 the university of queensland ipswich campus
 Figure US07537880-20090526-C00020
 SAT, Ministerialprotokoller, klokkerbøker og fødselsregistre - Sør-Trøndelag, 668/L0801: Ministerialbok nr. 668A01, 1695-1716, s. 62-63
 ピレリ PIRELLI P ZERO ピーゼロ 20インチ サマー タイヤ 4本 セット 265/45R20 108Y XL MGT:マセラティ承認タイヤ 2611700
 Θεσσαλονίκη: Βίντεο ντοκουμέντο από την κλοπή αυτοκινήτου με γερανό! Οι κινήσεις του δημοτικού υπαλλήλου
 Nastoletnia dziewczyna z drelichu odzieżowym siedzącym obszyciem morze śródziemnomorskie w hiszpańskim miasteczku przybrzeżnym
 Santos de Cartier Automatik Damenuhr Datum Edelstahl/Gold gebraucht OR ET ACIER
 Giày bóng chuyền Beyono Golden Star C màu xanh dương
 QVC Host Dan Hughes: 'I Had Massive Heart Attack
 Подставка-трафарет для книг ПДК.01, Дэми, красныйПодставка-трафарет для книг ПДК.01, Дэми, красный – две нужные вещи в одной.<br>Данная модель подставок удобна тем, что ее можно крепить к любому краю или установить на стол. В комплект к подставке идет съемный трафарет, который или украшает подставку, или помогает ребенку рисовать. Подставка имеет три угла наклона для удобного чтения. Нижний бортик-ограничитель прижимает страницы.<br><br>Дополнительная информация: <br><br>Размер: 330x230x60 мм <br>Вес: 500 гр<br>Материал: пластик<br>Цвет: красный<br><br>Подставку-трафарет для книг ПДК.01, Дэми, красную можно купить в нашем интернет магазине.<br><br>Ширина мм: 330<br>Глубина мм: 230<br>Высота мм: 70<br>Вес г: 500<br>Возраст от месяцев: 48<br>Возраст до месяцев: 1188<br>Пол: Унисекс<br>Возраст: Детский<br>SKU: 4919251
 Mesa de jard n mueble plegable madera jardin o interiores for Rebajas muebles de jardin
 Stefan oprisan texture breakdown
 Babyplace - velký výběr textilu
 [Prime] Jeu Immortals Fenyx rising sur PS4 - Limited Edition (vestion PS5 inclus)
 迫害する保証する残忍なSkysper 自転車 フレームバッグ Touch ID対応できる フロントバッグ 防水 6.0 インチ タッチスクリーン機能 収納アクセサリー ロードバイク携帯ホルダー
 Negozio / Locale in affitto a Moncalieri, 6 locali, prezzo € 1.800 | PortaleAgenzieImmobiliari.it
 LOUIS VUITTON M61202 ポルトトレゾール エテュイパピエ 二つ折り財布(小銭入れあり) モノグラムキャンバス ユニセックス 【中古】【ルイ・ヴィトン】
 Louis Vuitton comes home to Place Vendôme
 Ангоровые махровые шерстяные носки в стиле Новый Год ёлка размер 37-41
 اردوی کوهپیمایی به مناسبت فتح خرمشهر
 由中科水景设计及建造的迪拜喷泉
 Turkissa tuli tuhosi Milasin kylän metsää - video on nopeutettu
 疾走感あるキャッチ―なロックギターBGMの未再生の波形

:::::

In the listing above, start at the line with "Figure US07537880-20090526-C00020", go on through the line with "SAT, Ministerialprotokoller, klokkerbøker", and copy each of those lines exactly; leave out all the rest.

• YOUR SOLUTION
 Figure US07537880-20090526-C00020
 SAT, Ministerialprotokoller, klokkerbøker og fødselsregistre - Sør-Trøndelag, 668/L0801: Ministerialbok nr. 668A01, 1695-1716, s. 62-63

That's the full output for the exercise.